▶ [ABOUT THIS EXERCISE]: Wherever a picture sits, omit it. Output the rest of the listing exactly.

▶ [DATASET EXTRACT]:
::::
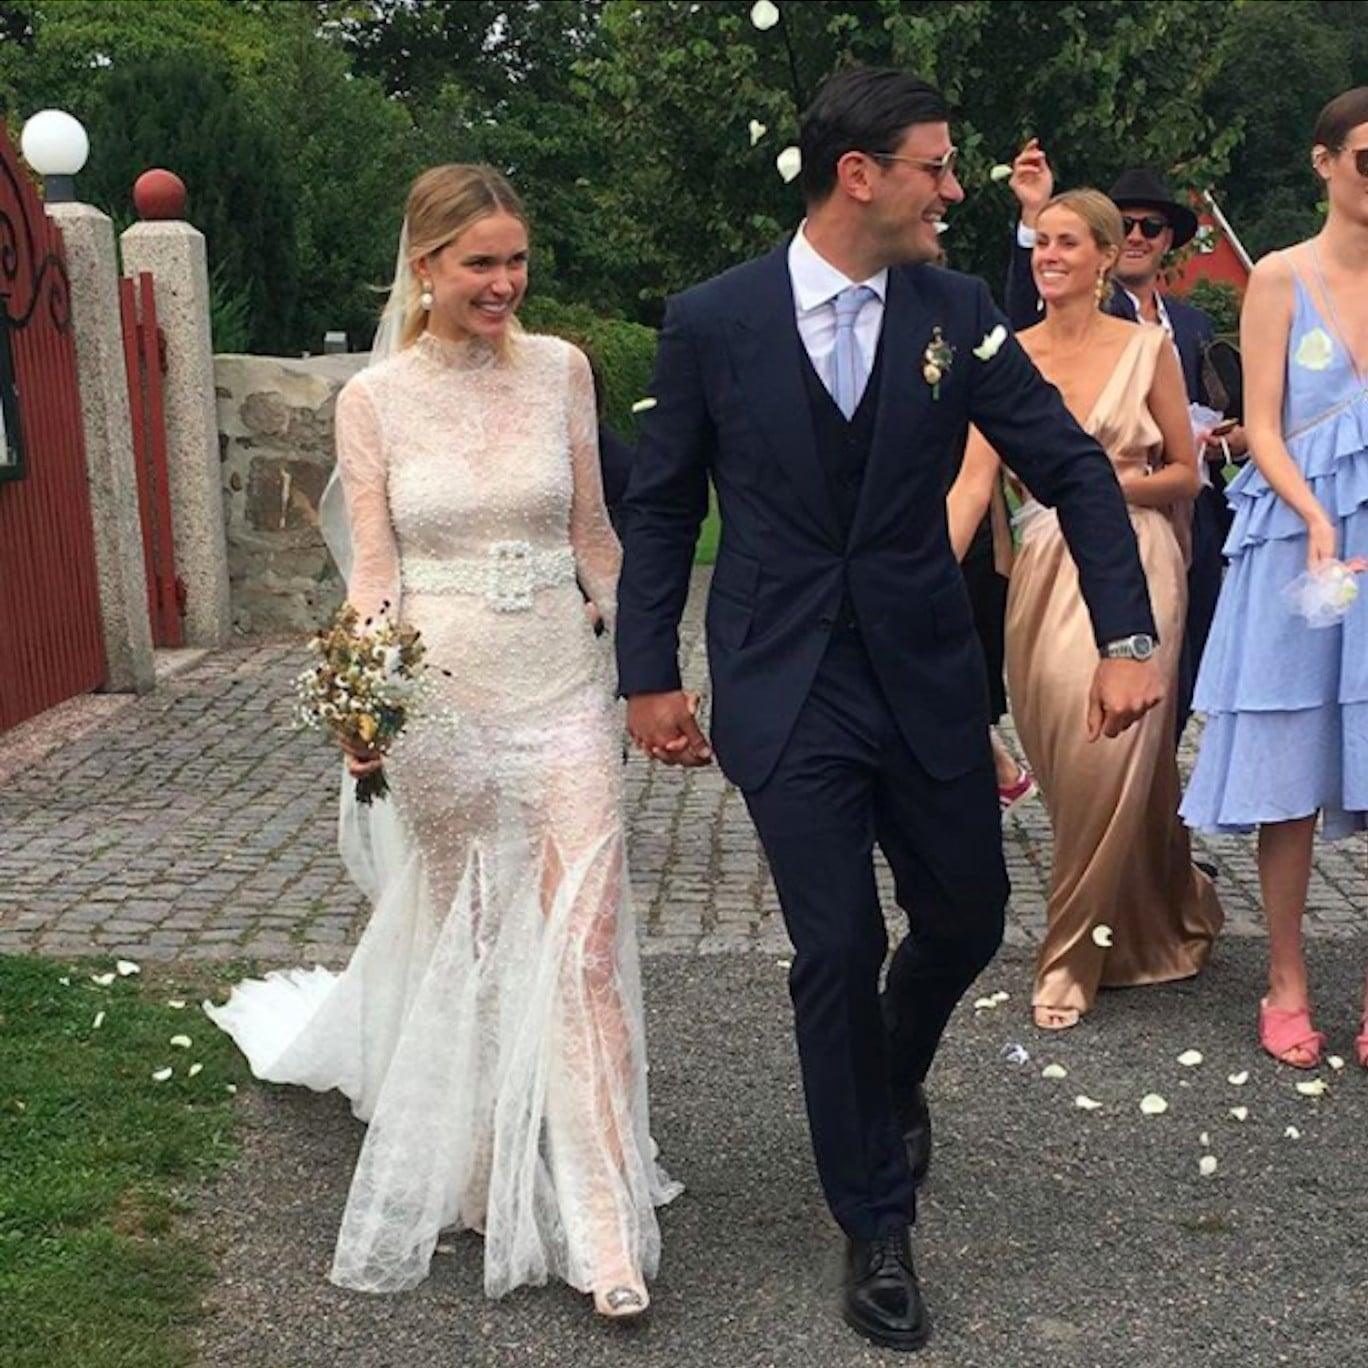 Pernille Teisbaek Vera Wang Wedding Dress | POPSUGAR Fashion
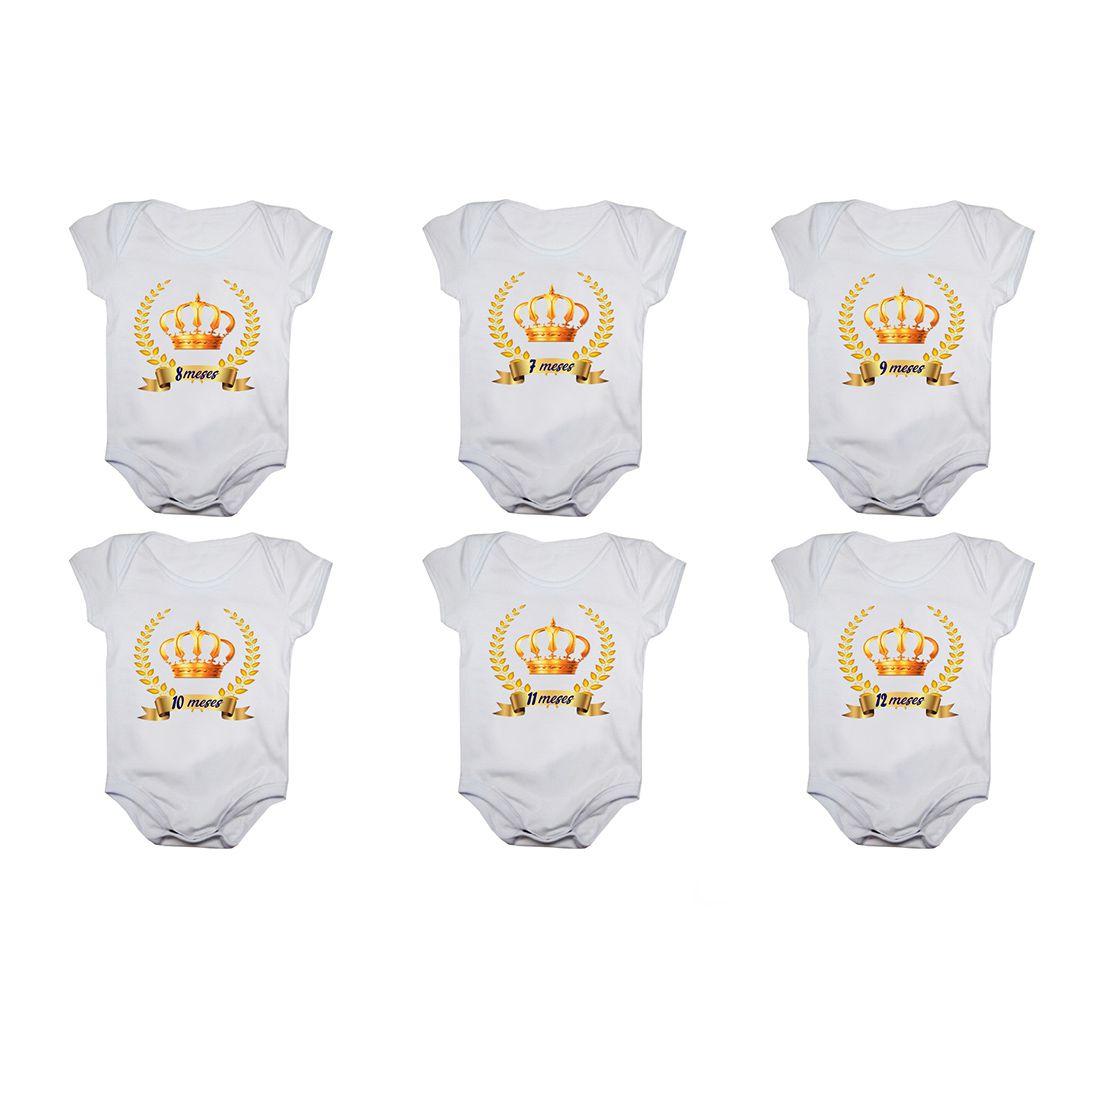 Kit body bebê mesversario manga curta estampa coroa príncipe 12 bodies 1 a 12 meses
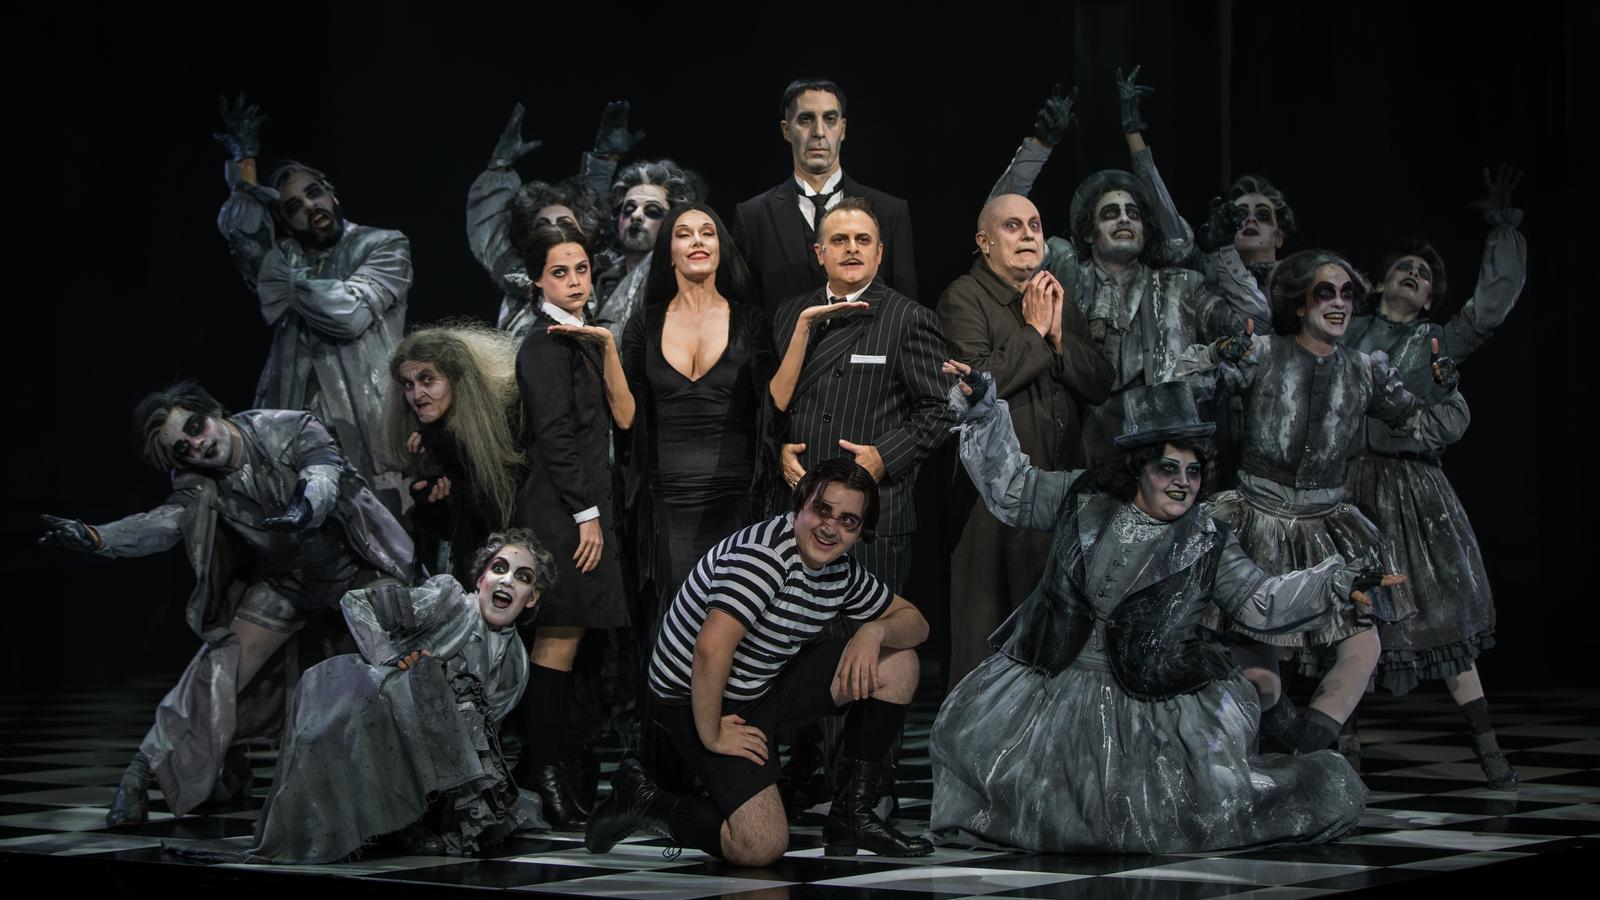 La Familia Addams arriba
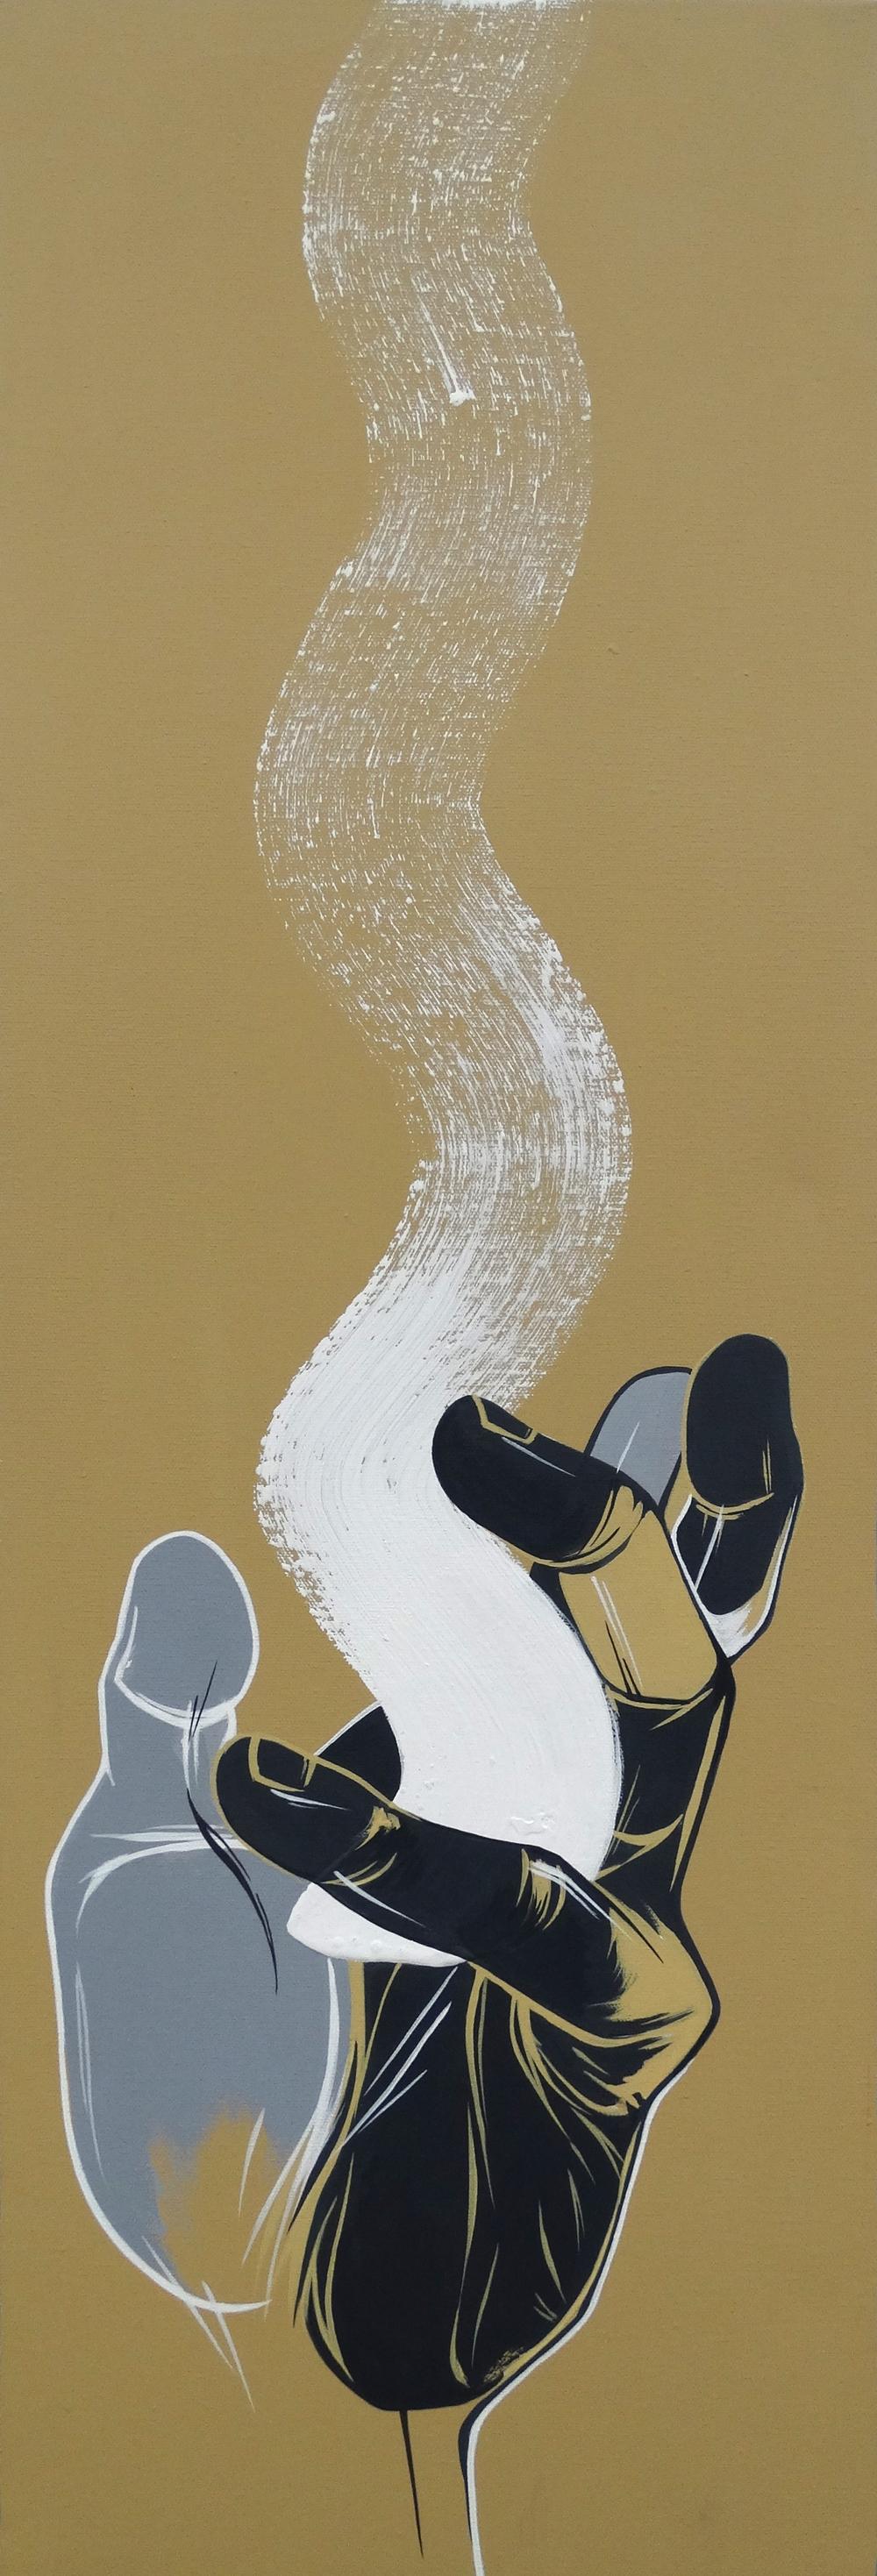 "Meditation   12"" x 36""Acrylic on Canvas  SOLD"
::::
▶ [EXERCISE OUTPUT]:
 Pernille Teisbaek Vera Wang Wedding Dress | POPSUGAR Fashion
 Kit body bebê mesversario manga curta estampa coroa príncipe 12 bodies 1 a 12 meses
 La Familia Addams arriba
 "Meditation   12"" x 36""Acrylic on Canvas  SOLD"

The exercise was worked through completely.